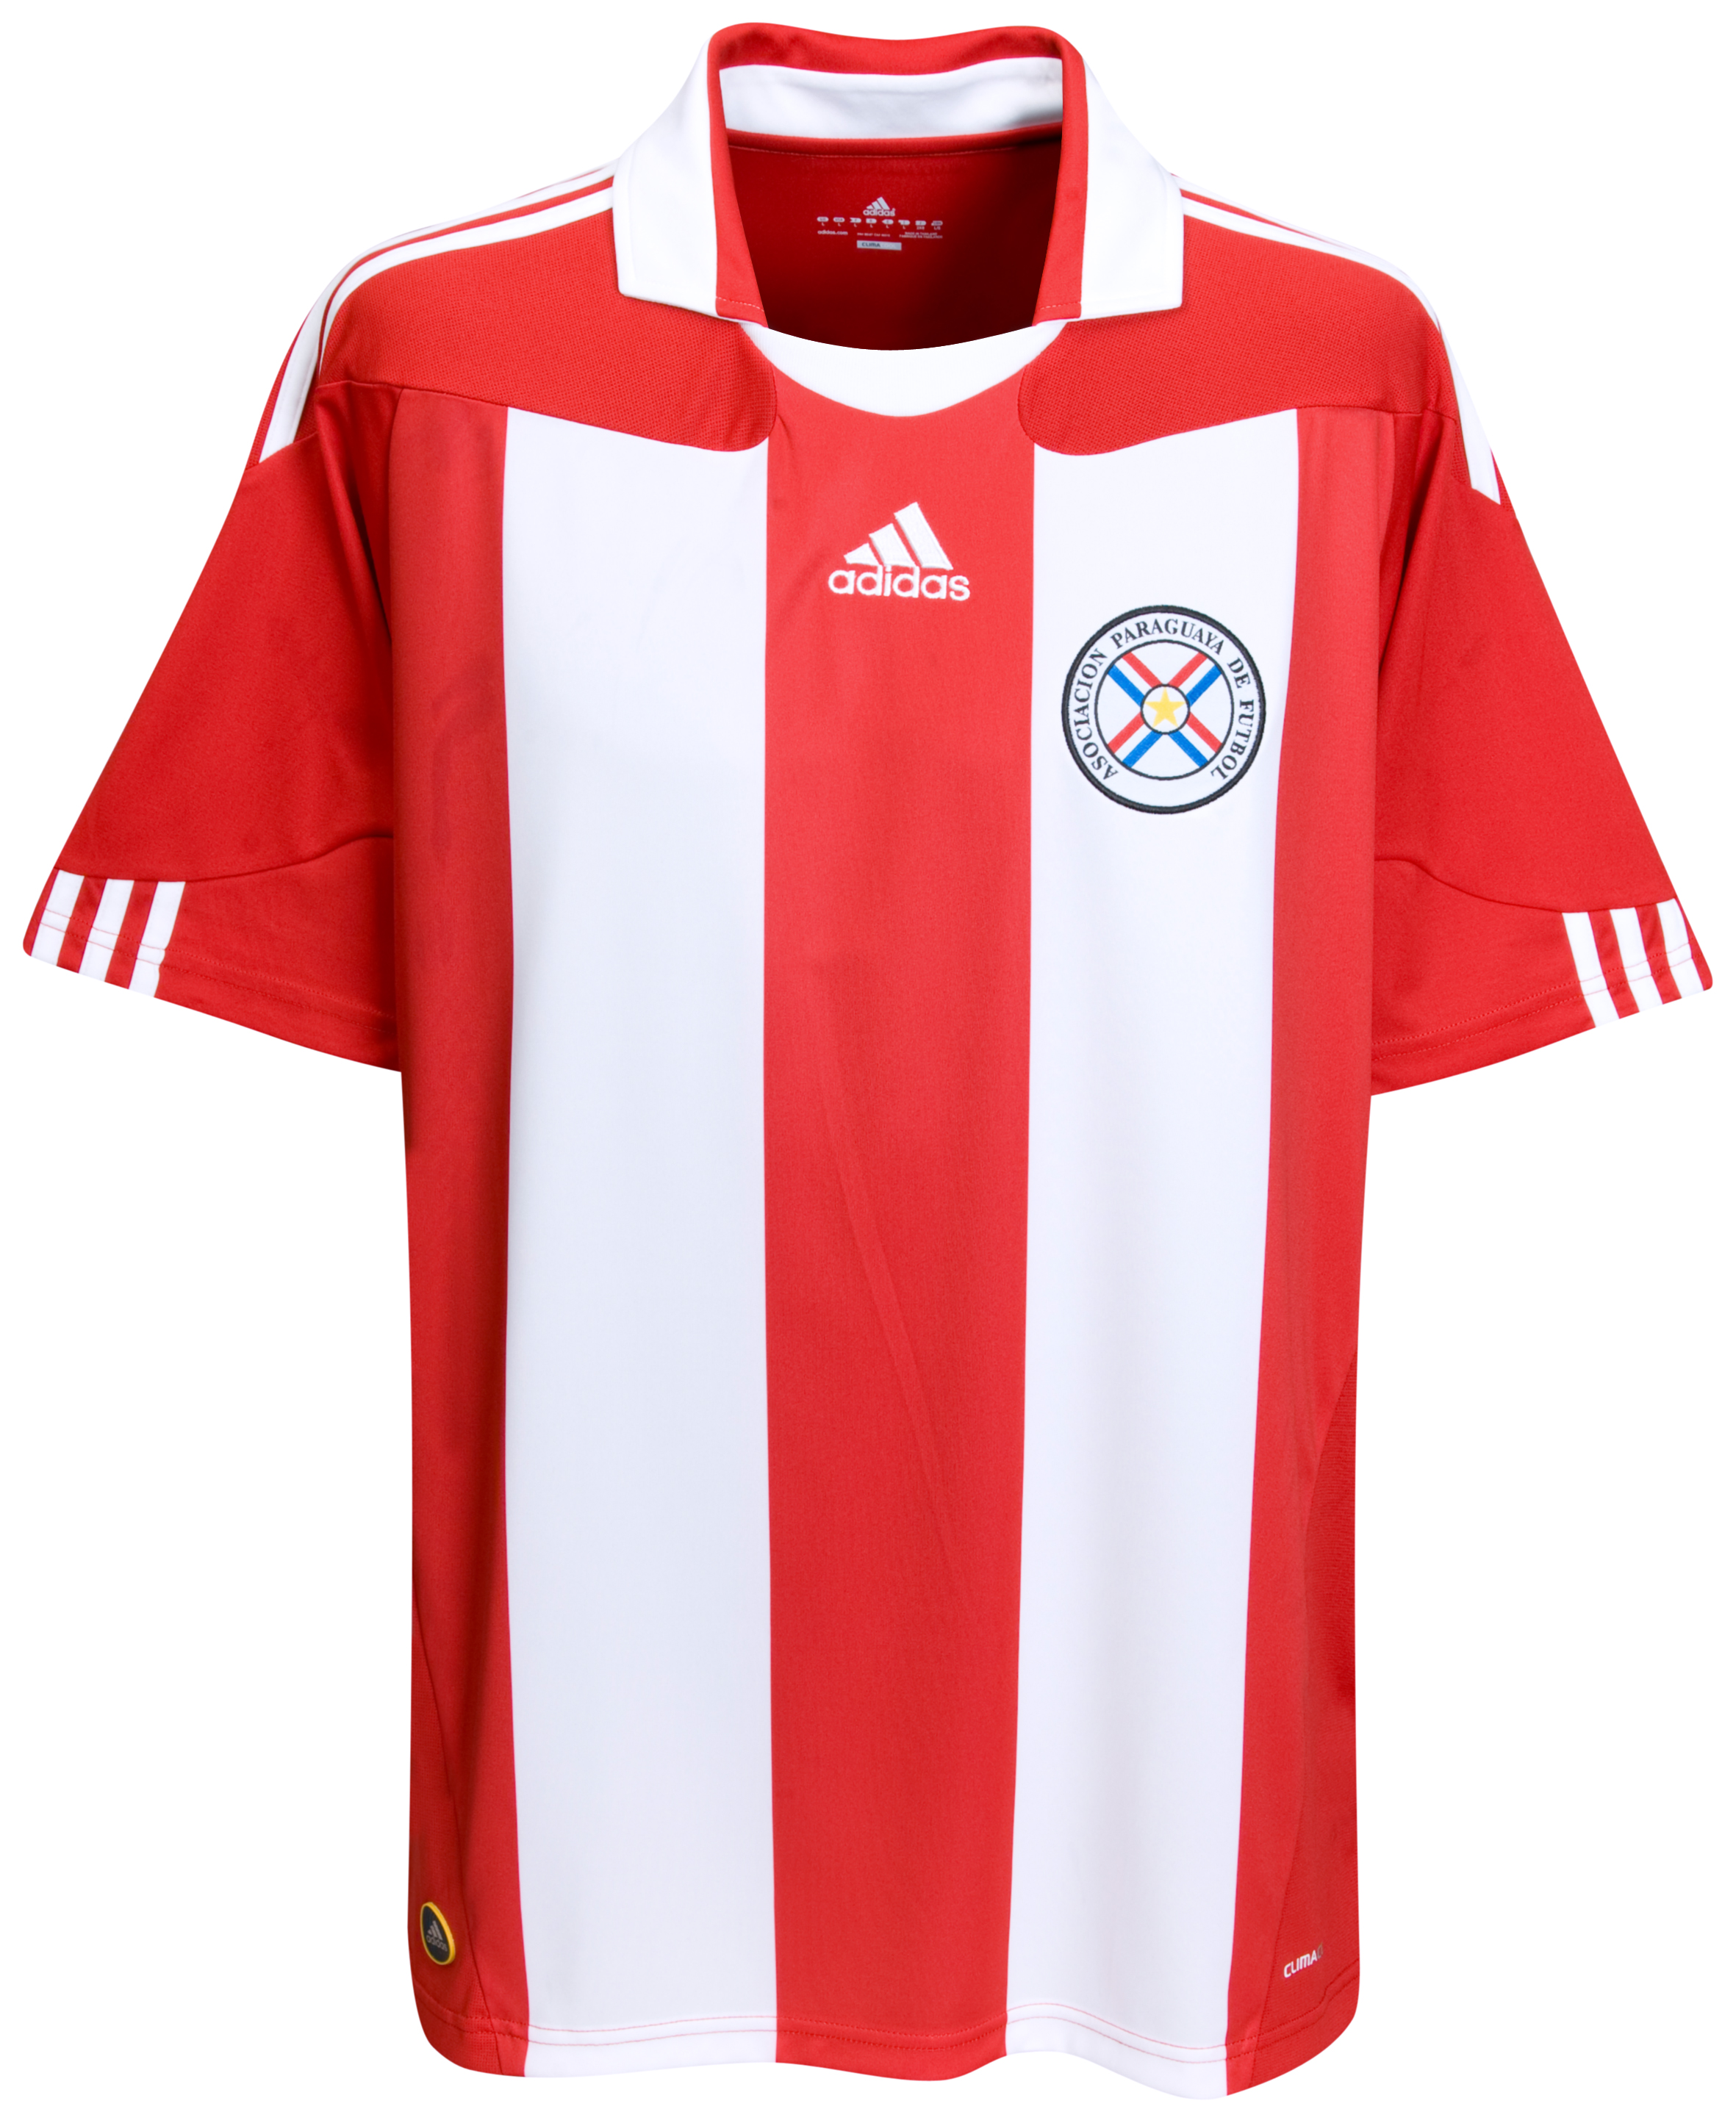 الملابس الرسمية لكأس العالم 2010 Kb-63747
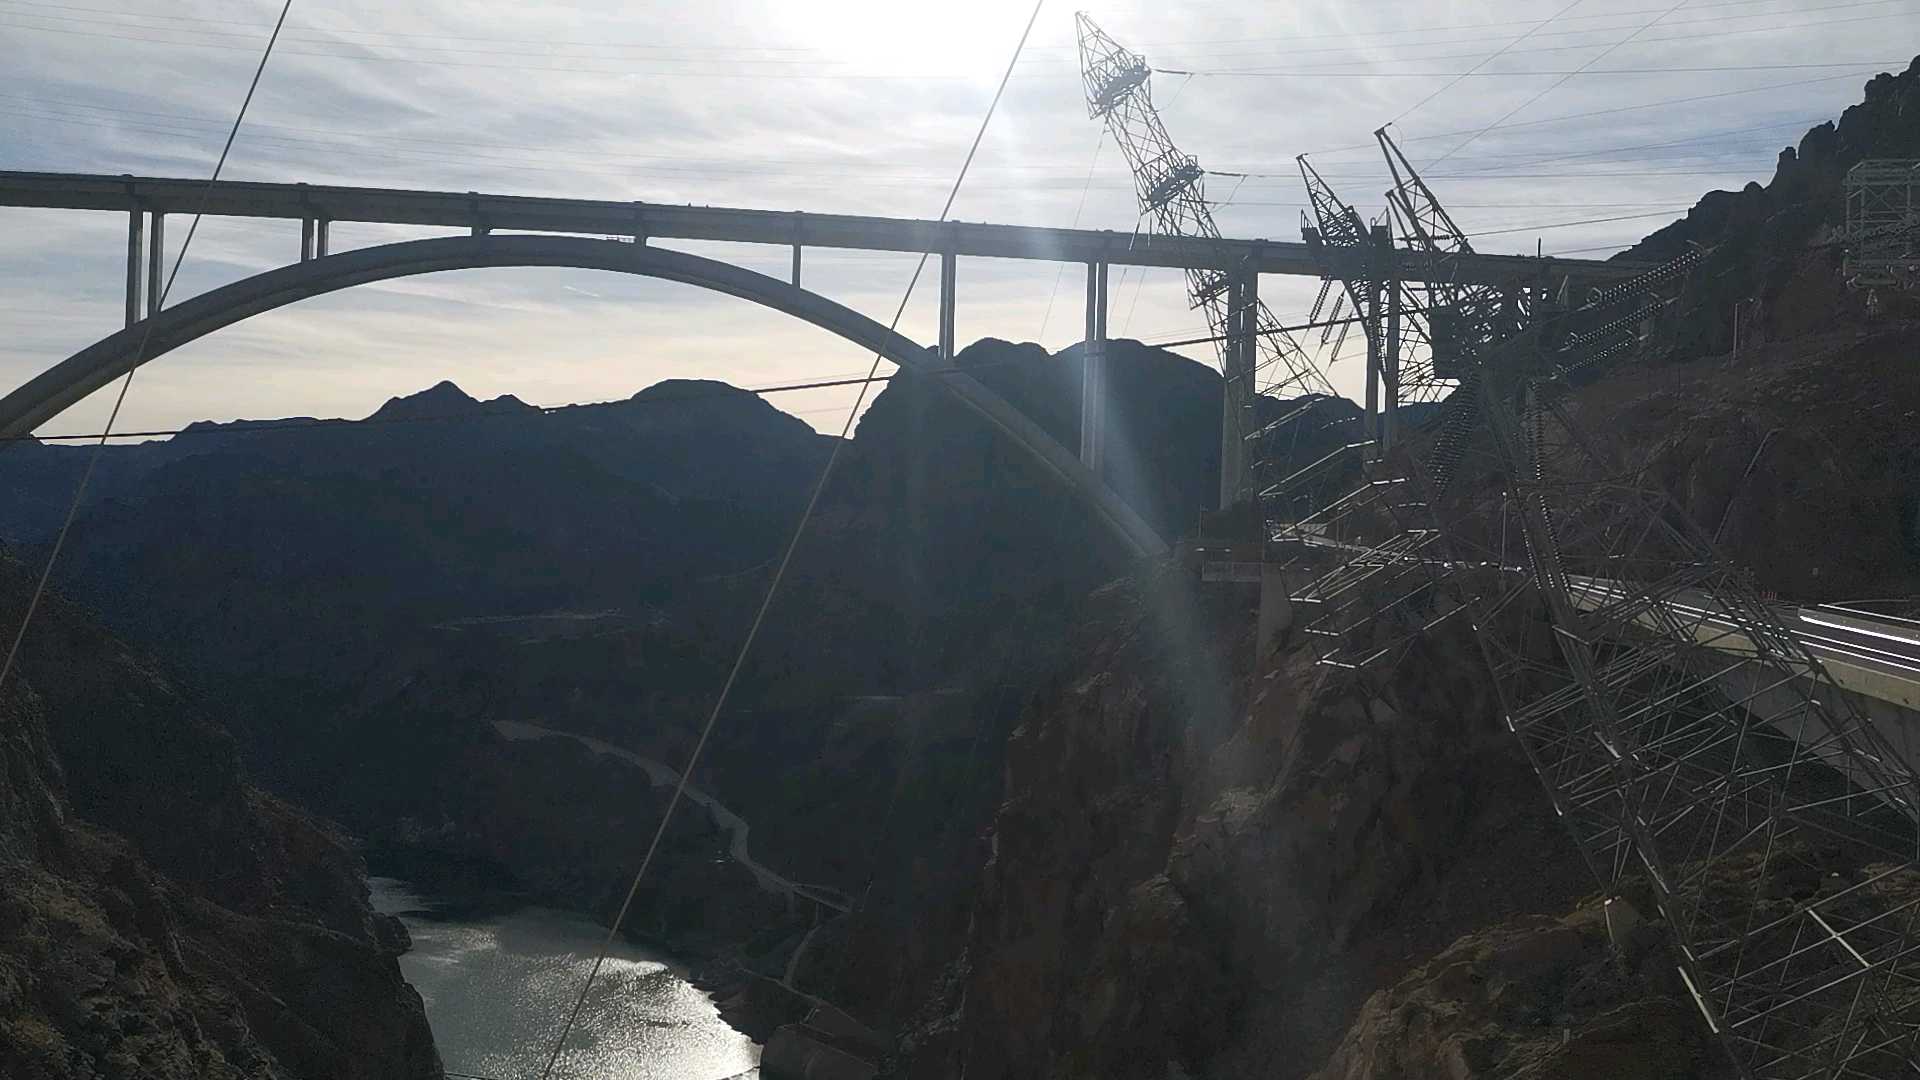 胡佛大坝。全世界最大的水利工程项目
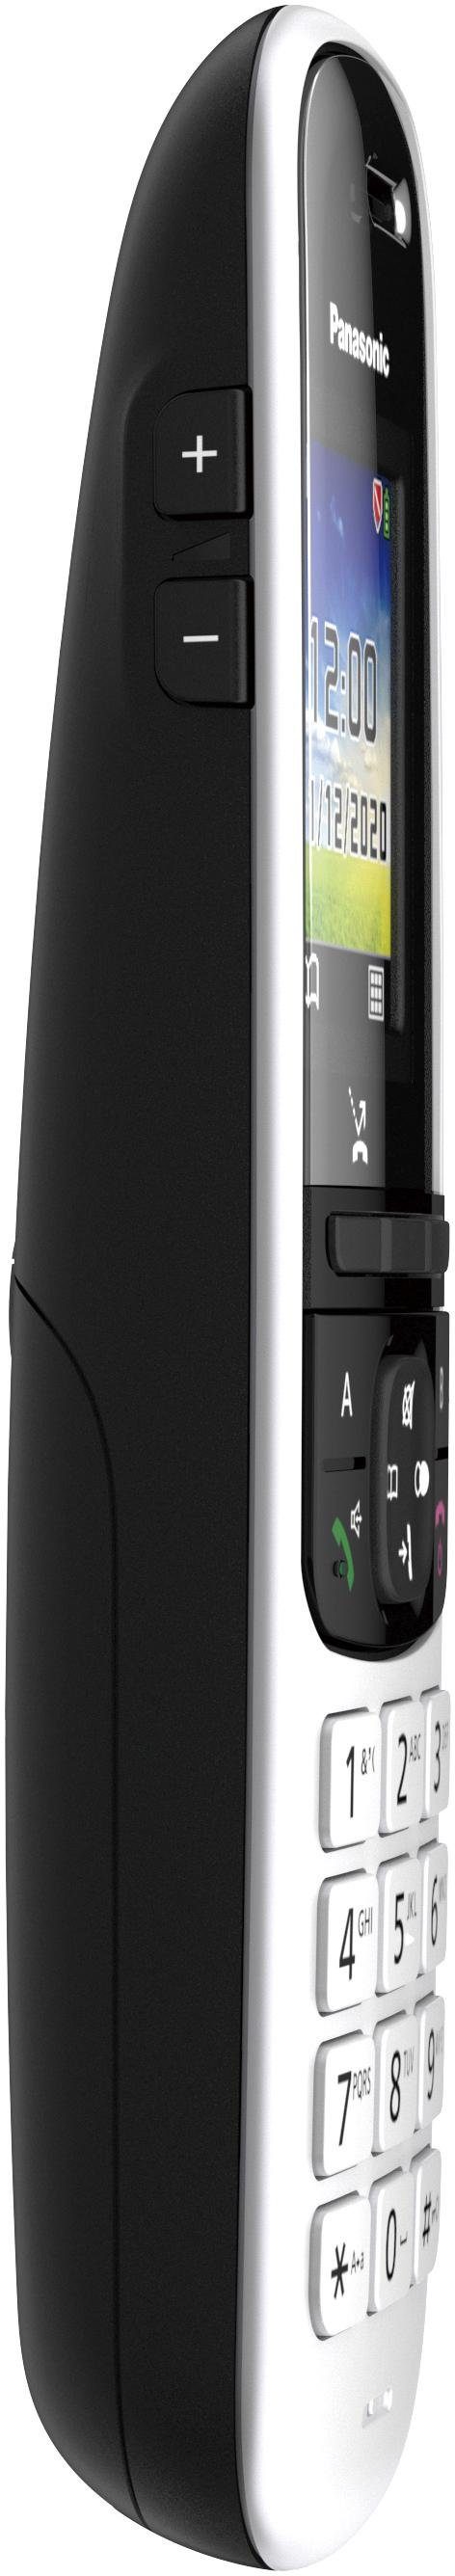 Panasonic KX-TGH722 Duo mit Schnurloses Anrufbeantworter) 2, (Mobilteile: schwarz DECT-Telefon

### WORK INSTRUCTIONS
Please give the data above again in exact form and omit every picture.

### YOUR SOLUTION
 الملابس الرسمية لكأس العالم 2010 Kb-63747
 胡佛大坝。全世界最大的水利工程项目
 Panasonic KX-TGH722 Duo mit Schnurloses Anrufbeantworter) 2, (Mobilteile: schwarz DECT-Telefon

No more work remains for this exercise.